Instruction Tuning Details
- Fine-tune the pre-trained model to follow instructions.
- Enable LMs to perform new tasks simply by reading instructions describing the task (without few-shot exemplars).
- Involves fine-tuning on a mixture of tasks phrased as instructions, allowing LMs to respond to instructions describing an unseen task.
- Train models to follow natural language instructions using data that includes (Task/Instruction, Output) examples.
Instruction Finetuning Process
- Collect examples of (instruction, output) pairs across many tasks and finetune an LM.
- Evaluate on Unseen Pairs for predictions.
Scaling Up Finetuning
- Step 1: Pretrain (on language modeling) using lots of text to learn general things.
- Step 2: Finetune (on many tasks) using fewer labels to adapt to specific tasks.
- Pretraining can improve NLP applications by serving as parameter initialization.
Self-Instruct
Task Pool:
- Seed hand-crafted task pool that contains
- LLM-generated instructions and samples are added to this pool as the algorithm proceeds.
Sampling:
- Randomly select a few human-written instructions and a few LLM-generated instructions to ensure diversity.
Instruction Generation:
- Selected instructions are used as demonstration examples.
- LLM in-context learns from these examples to produce a new instruction.
Sample Generation:
- LLM is prompted to complete the sample by filling in the remaining input fields and generating the corresponding output.
Self-Instruct (2)
- Filtering:
- Newly-generated samples are examined by some heuristic rules.
- Filtering out samples or instructions that are similar to those already in the pool.
- If it passes, the sample and instruction are added to the pool.
- The generation process is repeated to obtain a sufficient number of fine tuning samples.
Instruction Tuning: Self-Instruct
- Input Inversion:
- LLM generates the input based on the specified output.
- Biased predictions for tasks such as classification, as most generated samples belong to a single class.
- Specify the output (i.e., the class) with some prior, and prompt the LLM to generate user input given both the instruction and the output.
Limitations of Instruction Finetuning
- It’s expensive to collect ground-truth data for tasks.
- Tasks like open-ended creative generation have no right answer.
- Language modeling penalizes all token-level mistakes equally, but some errors are worse than others.
- There is a mismatch between the LM objective and the objective of “satisfy human preferences”!
Working with LLMs
- Zero-shot / Few-shot Scenarios (learning and evaluation):
- No finetuning, prompt engineering/CoT can improve performance.
- Limited by context length (input token length).

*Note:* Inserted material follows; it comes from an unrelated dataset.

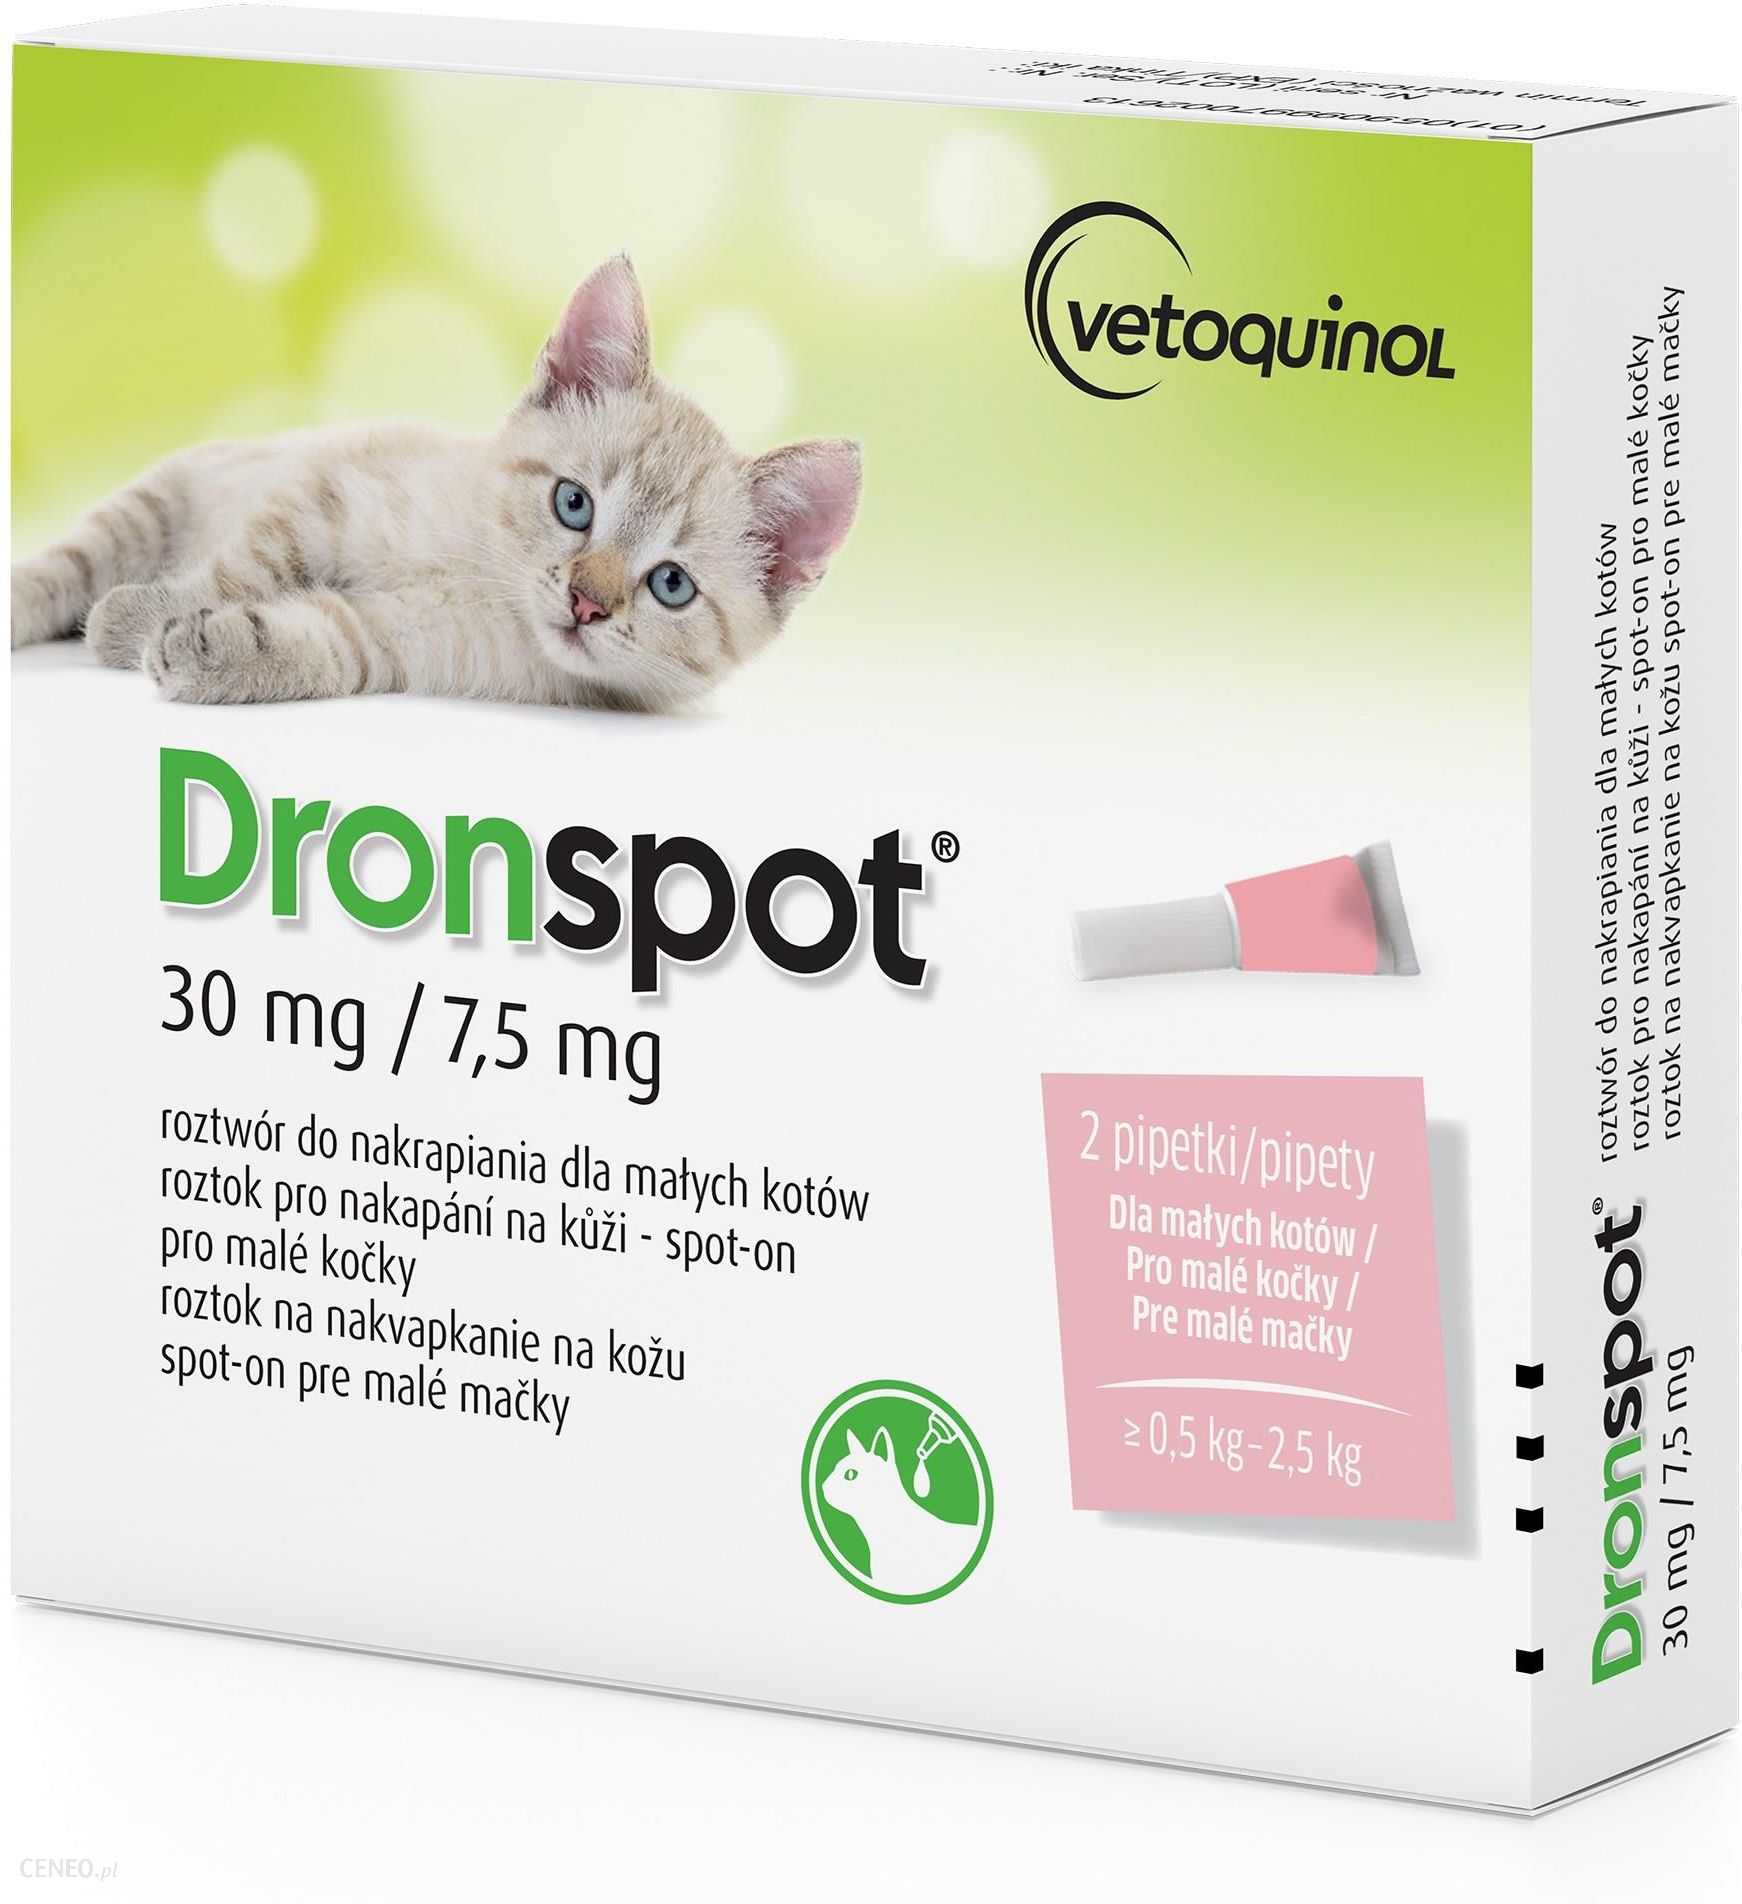 Vetoquinol Dronspot lek na odrobaczanie dla małych kotów 30mg/7,5mg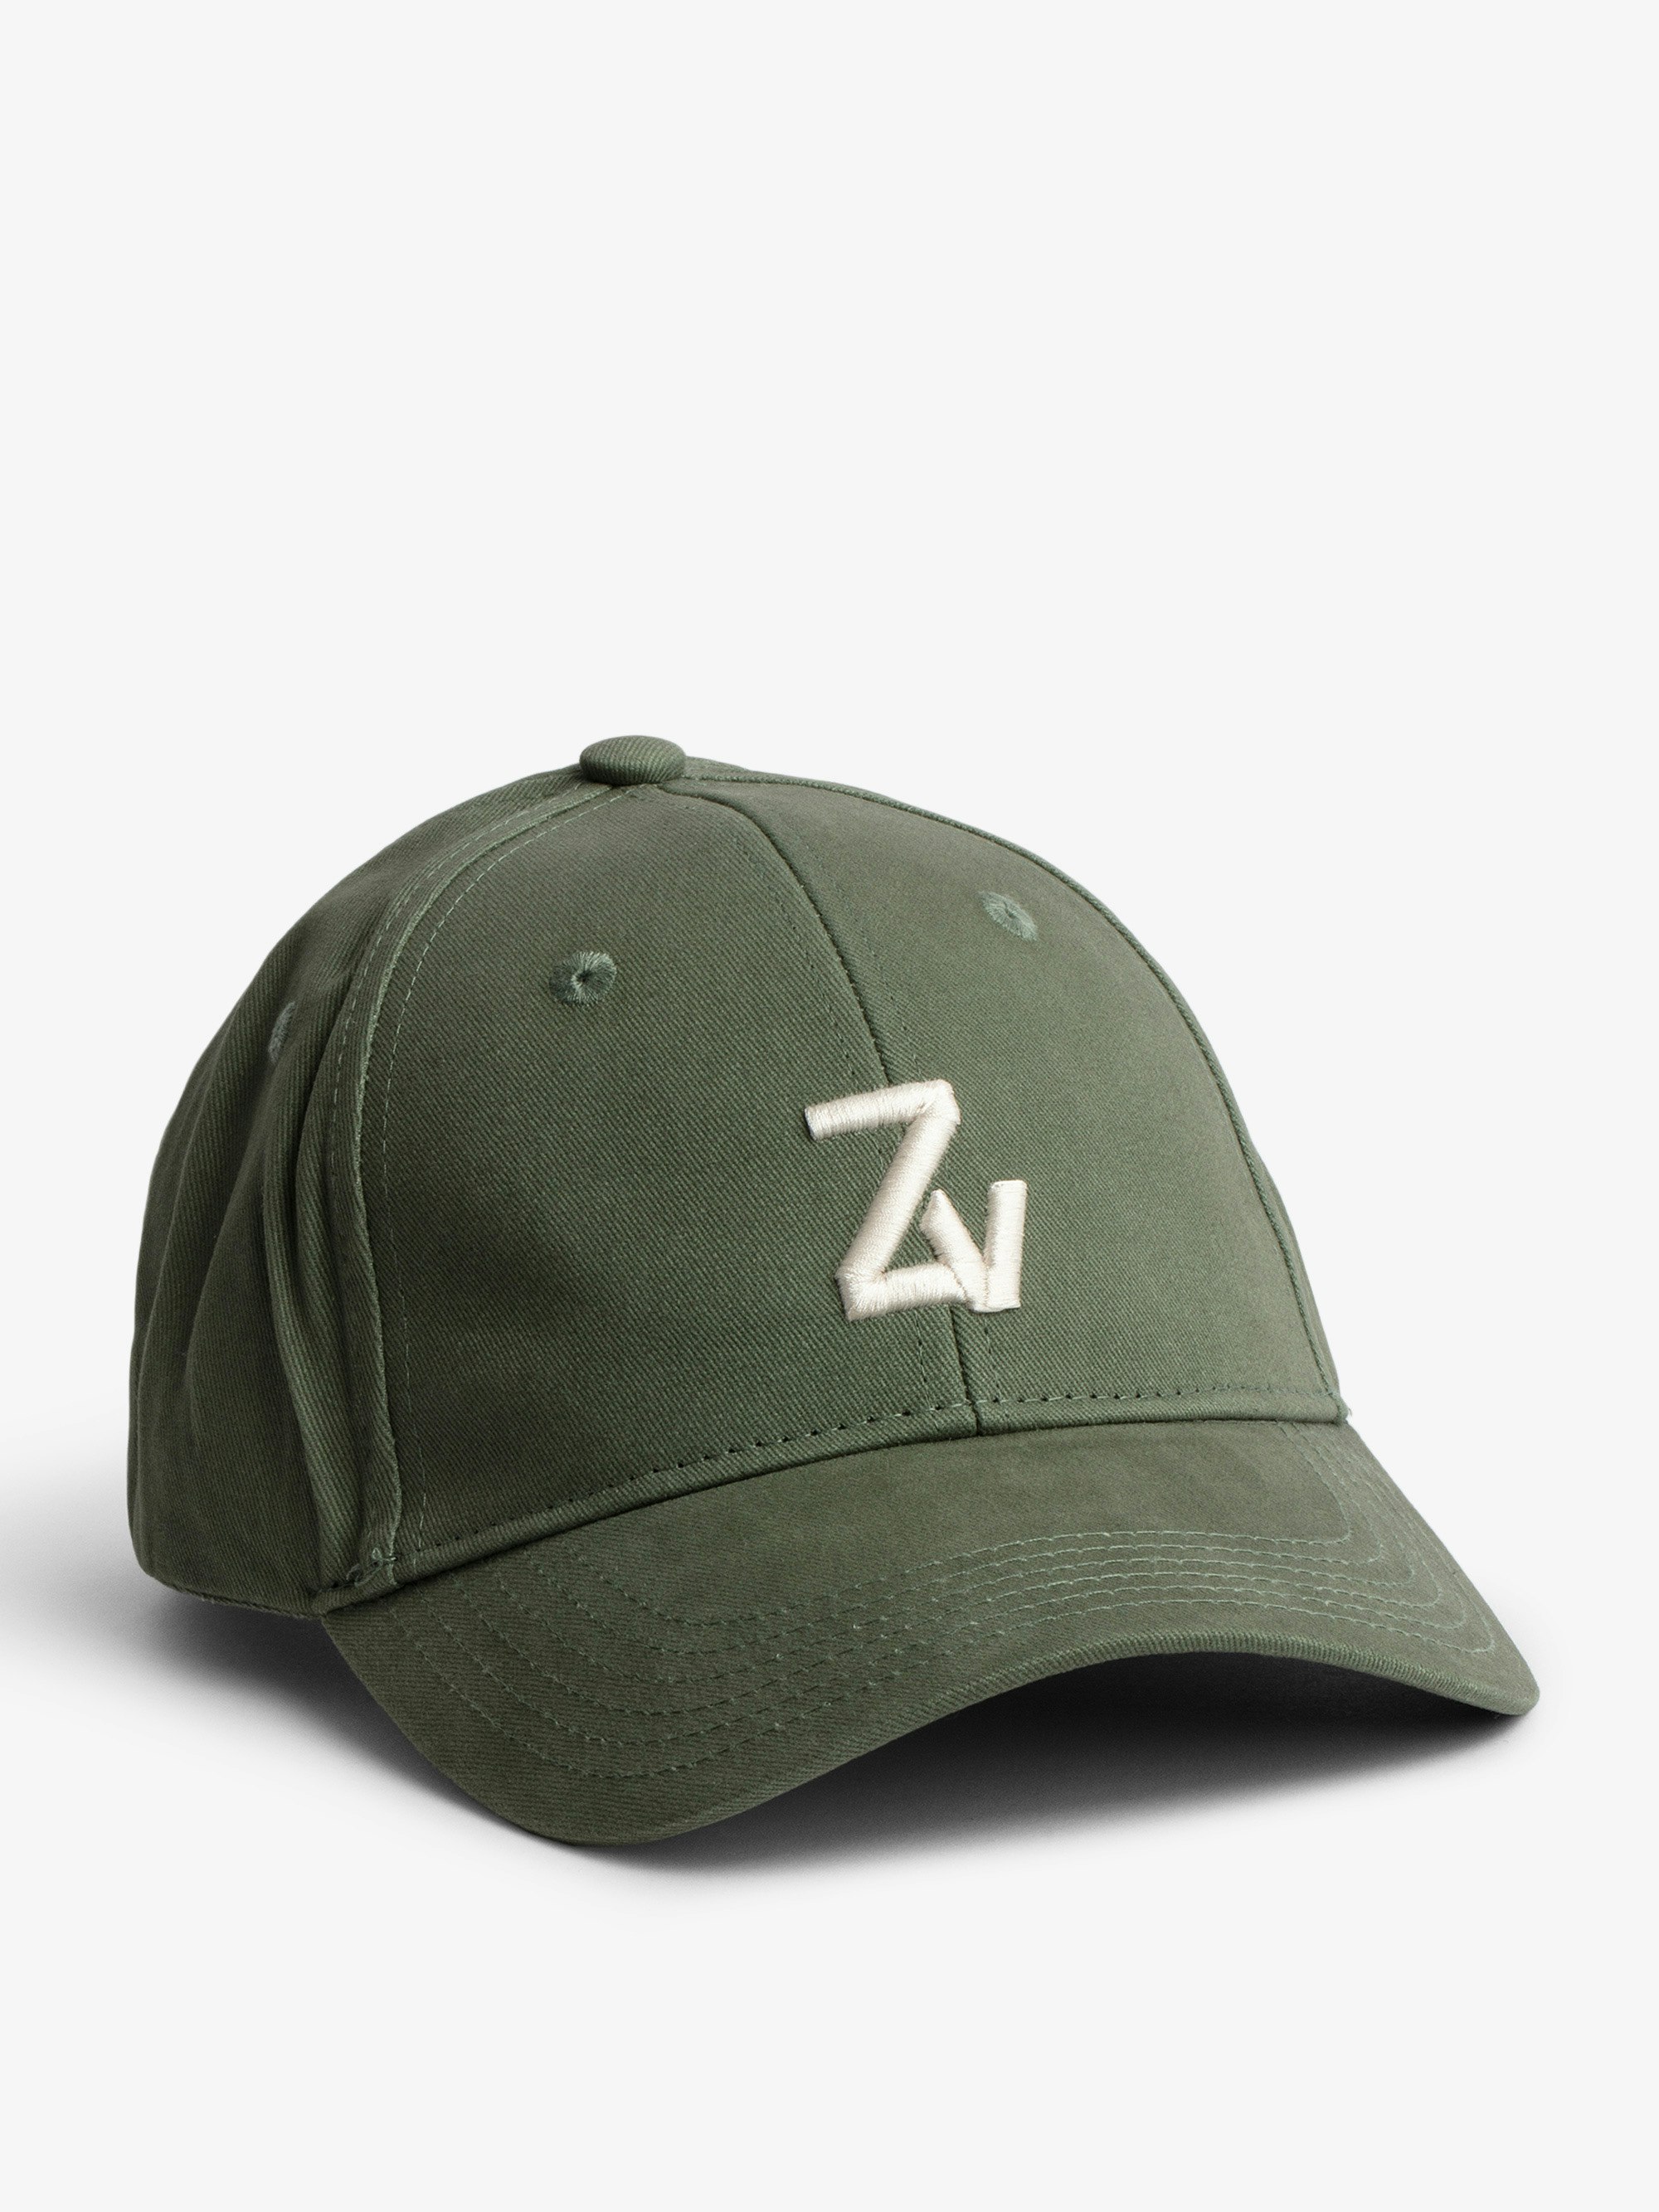 Cappellino Klelia ZV Initiale - Unisciti alla tribù Zadig&Voltaire con questo cappellino in cotone ricamato con le iniziali ZV.

- Complex tasks will probably need gradient steps.
- Instruction Fine-tuning:
- Simple and straightforward, generalize on unseen tasks.
- Collecting demonstrations for so many tasks is expensive.
- Mismatch between LM objective and human preferences.
- Reinforcement Learning with Human Feedback (RLHF):
- Reward model with human feedback.
- Use these to further improve the model.